Study: Wii Games Hit Bargain Bins Faster

ByABC News
November 21, 2008, 3:23 PM

— -- When it comes to game sales metrics, feelings are irrelevant and data is king. Research group EEDAR claims to have rather provocative data from a study conducted on "price protection" that reveals Wii games are landing in bargain bins at a rate, compared to Xbox 360 and PS3 titles, of nearly 2 to 1, according to Cinema Blend.

"Over 7.5% of Xbox 360 and 9.09% PS3 third-party published titles go into price protection early," said EEDAR analyst Jesse Divinich. "The Wii, however, nearly doubles the Xbox 360 and PS3's average at 15.1%." Divinich attributes this to a surfeit of mainstream and casual games released simultaneously. "Aside from the often congested holiday release schedule," he said. "Most publishers typically avoid releasing their big AAA core targeted titles against other AAA titles, whereas it is common to see many mainstream/casual titles, targeting similar markets, released in the same week."

But wait, isn't "price protection" that thing retailers do to insulate you against near-term price drops? Yes it is, and EEDAR's simply using the term differently.
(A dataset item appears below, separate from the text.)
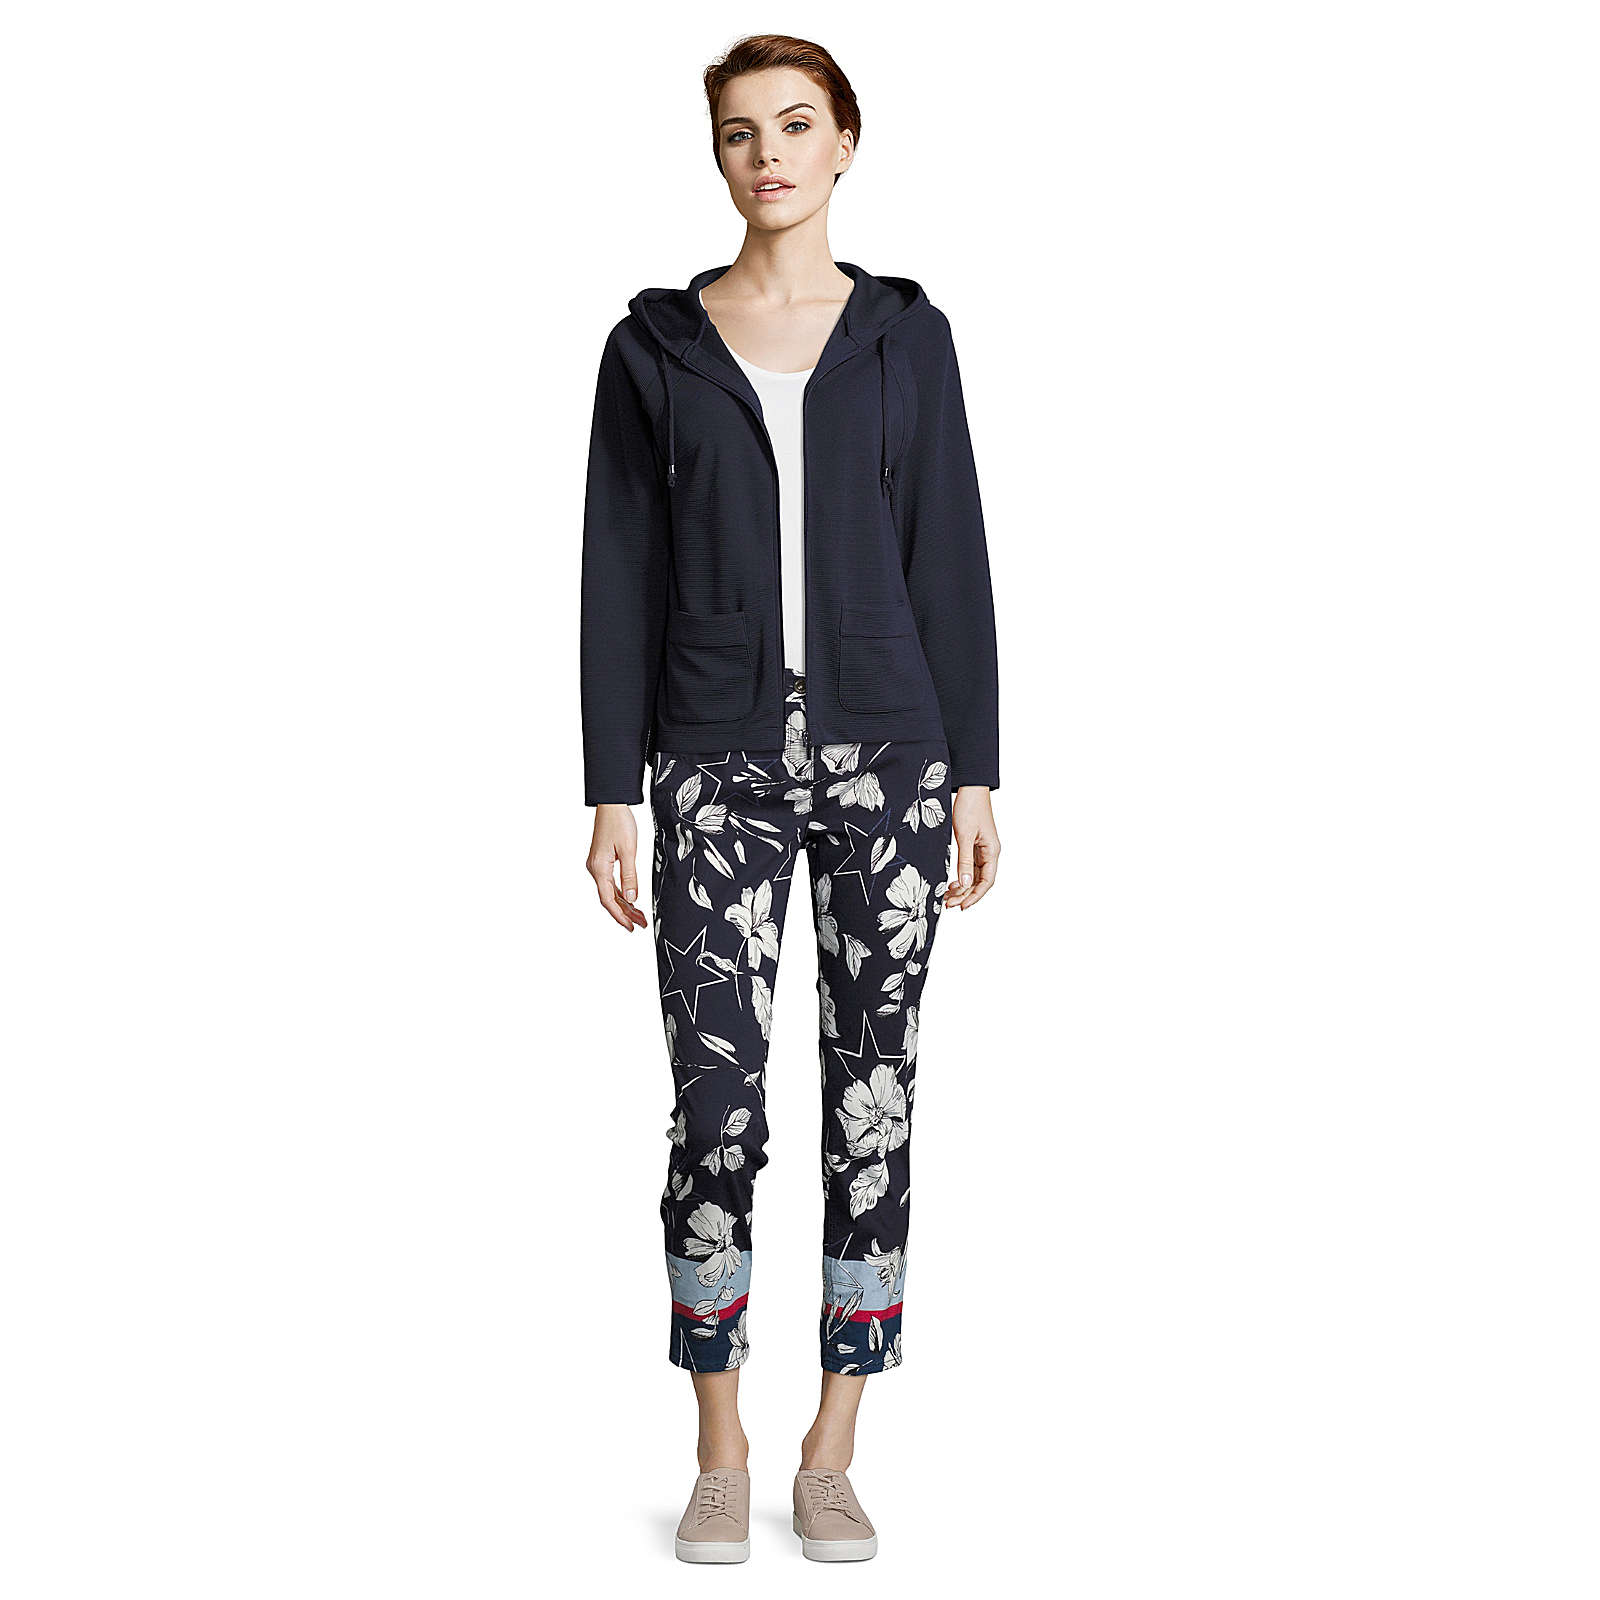 Betty & Co Sweatshirt-Jacke Sweatblazer mehrfarbig Damen Gr. 44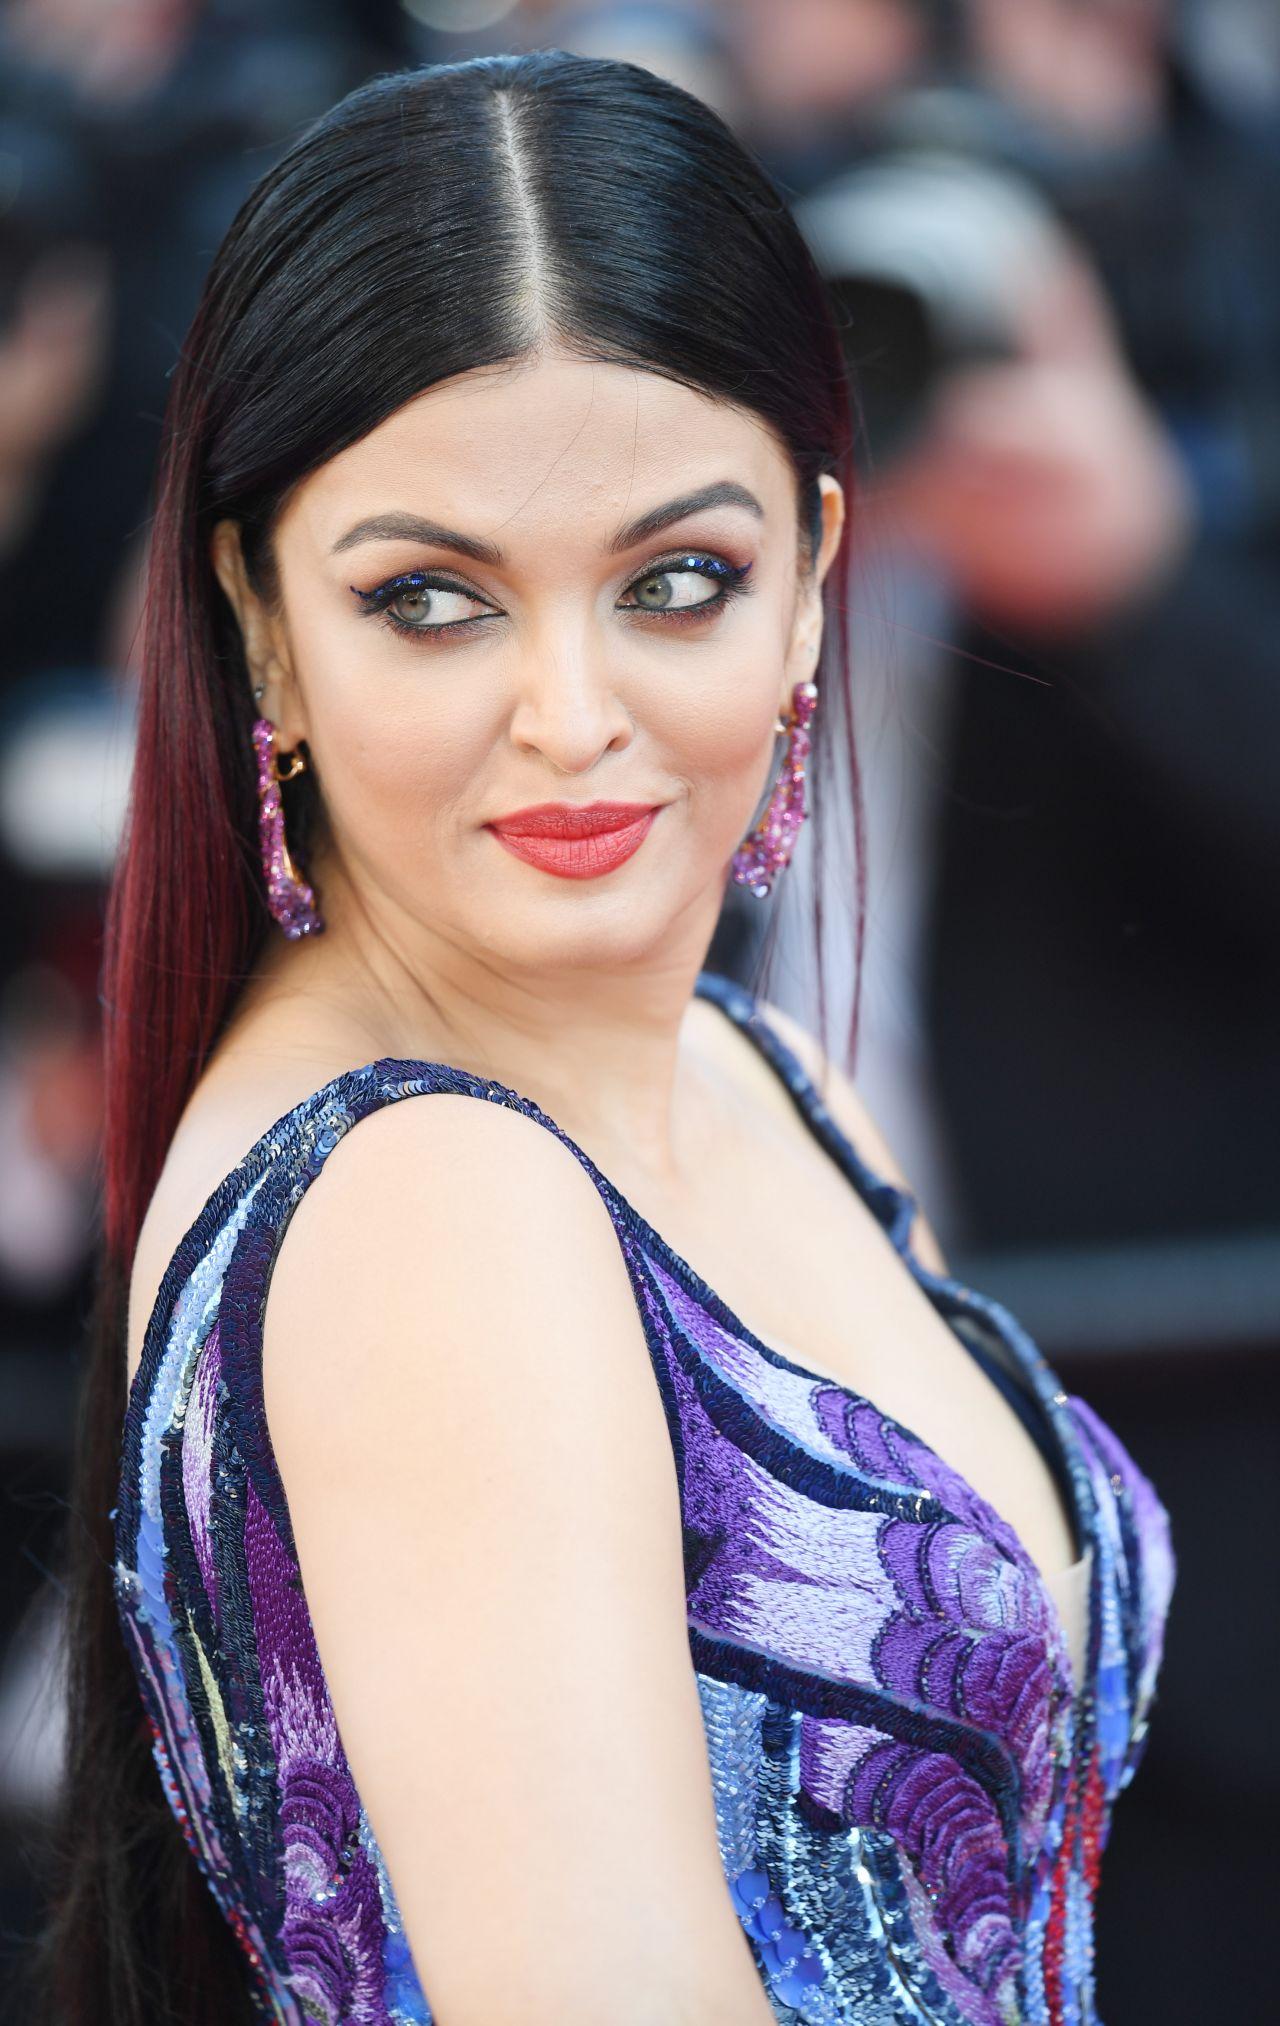 aishwarya rai bachchan - photo #29

In their study, it describes a practice in which publishers drop the wholesale cost of a game because it's underperforming and retailers want it gone.

Divinich adds: "What is most astonishing from this dataset is that games that achieve quality scores above 91% have never been price protected early on the PlayStation 3, the Wii or the Xbox 360."

Translation: Stop with the crappy toss-away cash-in-on-the-Wii's-success games, third-party publishers.

Lest you accuse me of enthusiast bias, know that I say that as someone who actually enjoyed the Wii version of Dancing With The Stars.